I generally agree with you.

"sometimes easy testing is not actually useful and useful testing is cost-prohibitive."

While I agree here, too, I think that the situation where testing is not useful happens very rarely in practice. Everything can break, and when you think it cannot be possibly be wrong now, a future regression might occur.

I think badly written tests are a different problem. I.e. tests that for example assert on the serialized string and hence take a lot of maintainability effort to adapt to changing production code. But then there is nothing wrong with the test per se, its just badly implemented.

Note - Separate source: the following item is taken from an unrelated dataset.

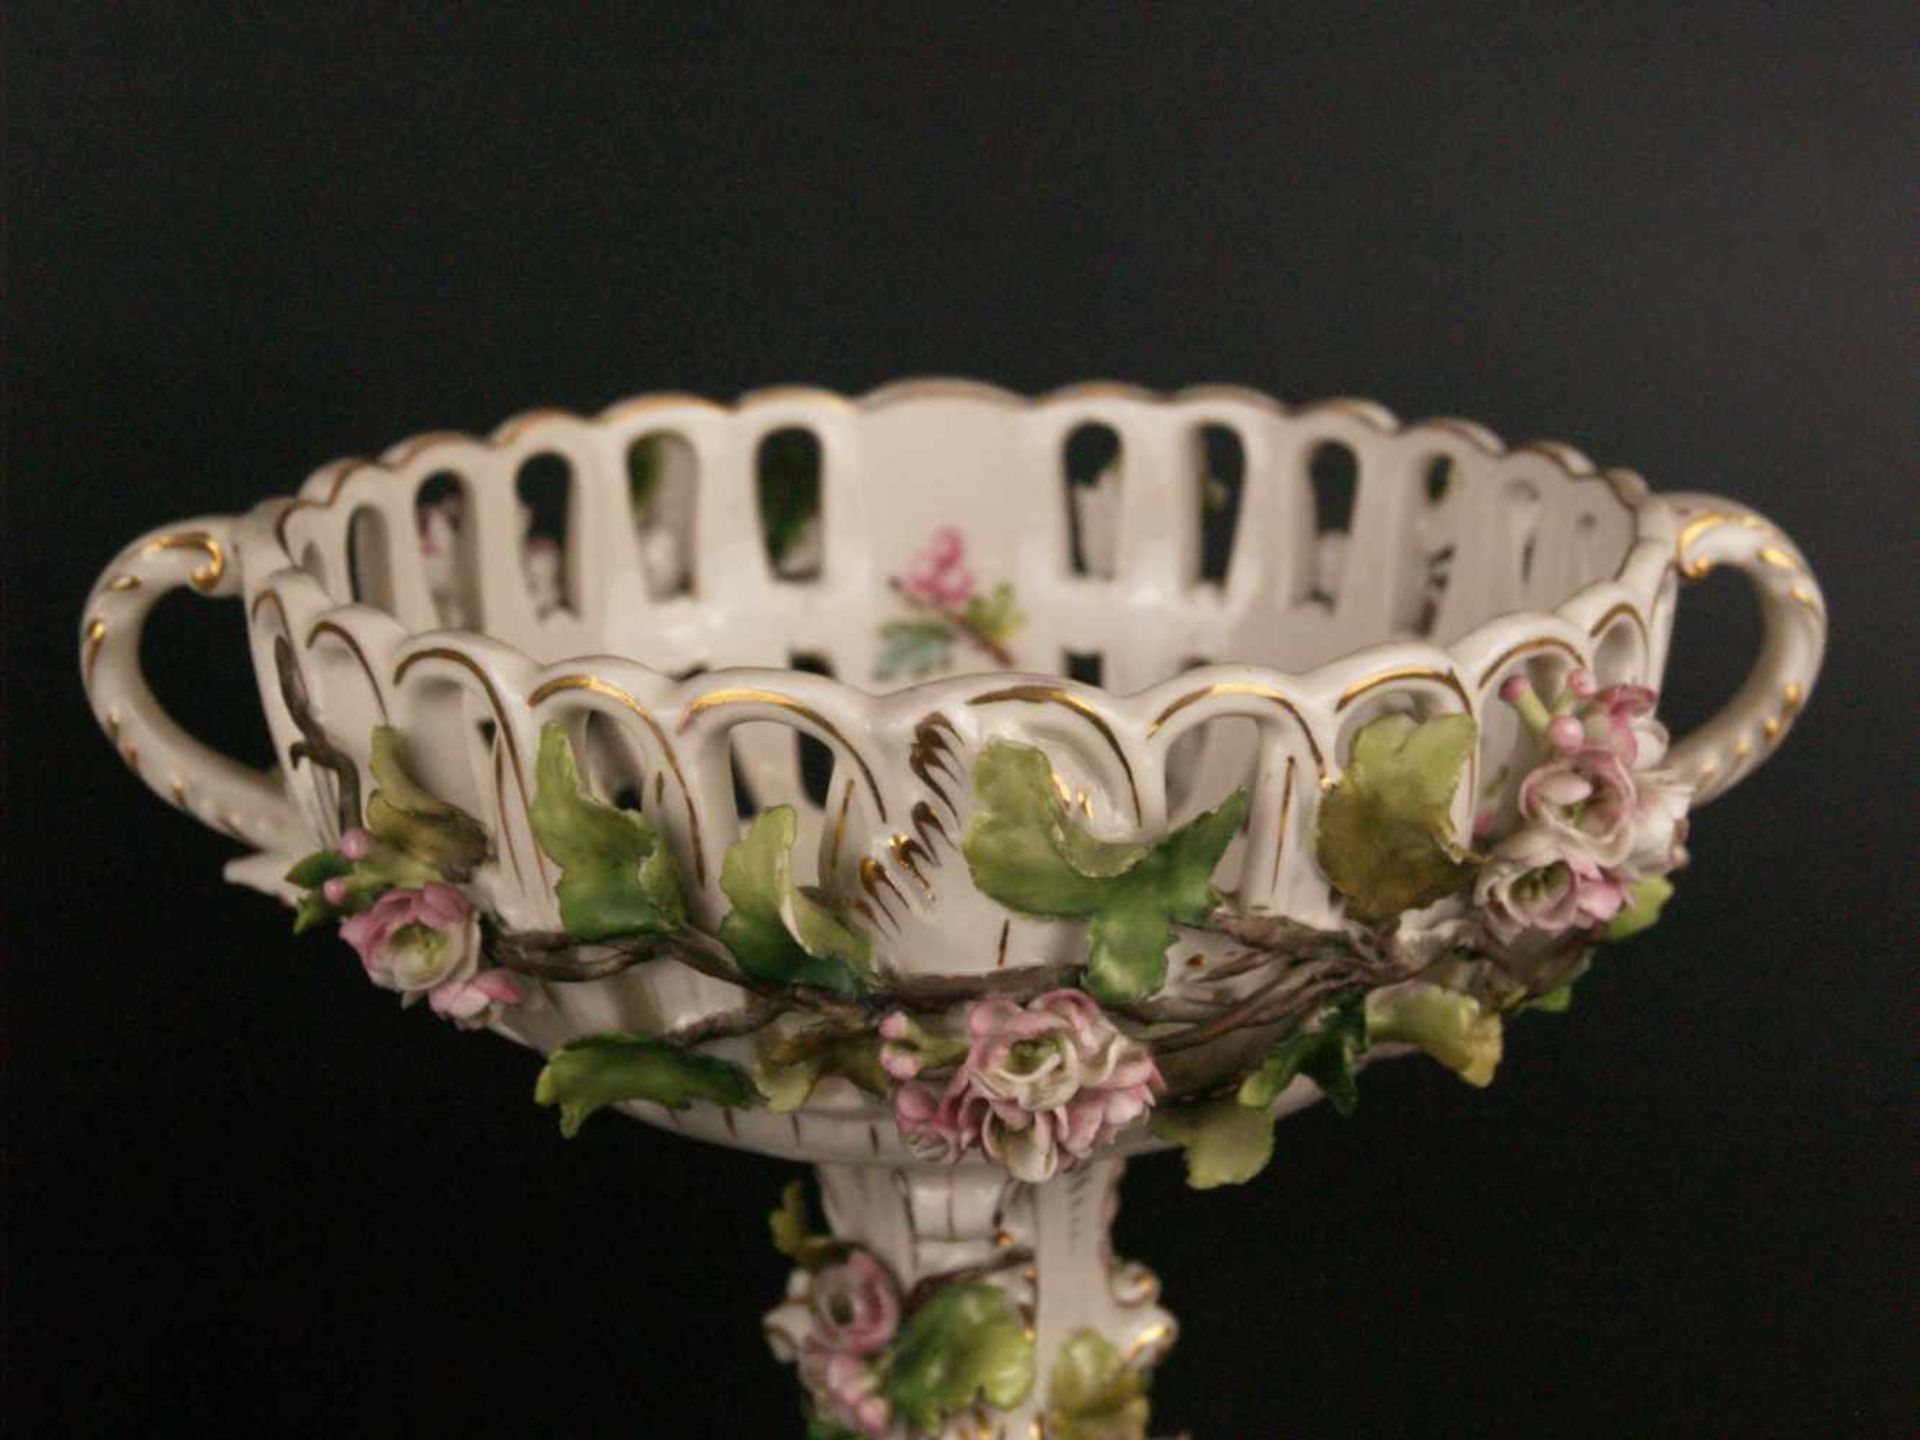 Fußschale - weißes Porzellan glasiert, mit üppigem plastischem Floral- und Rocaille-Dekor, - Bild 3 aus 5

I can think of lots of cases where testing is not useful in practice. Simulating random filesystem corruption when writing a Node.js app is pretty much useless: you don't know which files will be corrupted, and testing would take a huge (billions of lifetimes) amount of time to simulate all possible combinations even for a small program. Yet, this can (and in my experience did) take down a production system.

My other examples I already listed, I think, are examples of this too: you can test all you want against a spec provided by your external API maintainer, but if they don't follow the spec, you have a problem. We don't have a good framework (and I don't think we can create one), for testing layout problems in HTML that are caused by bad JS or CSS.

Basically, you do hit diminishing returns quickly, and you do get a false sense of security by having lots of small unit tests that don't actually prevent realistic failures.

As it's an Eclipse plugin I would guess it's aimed at JEE / enterprisey developers.

I code similar apps to that which you describe and tend to agree that up-front testing is hard to justify a lot of the time. However when some obscure but does arise I do try to write system tests (selenium, webrunnners etc) or beefing up the operational monitoring so I can avoid them recurring.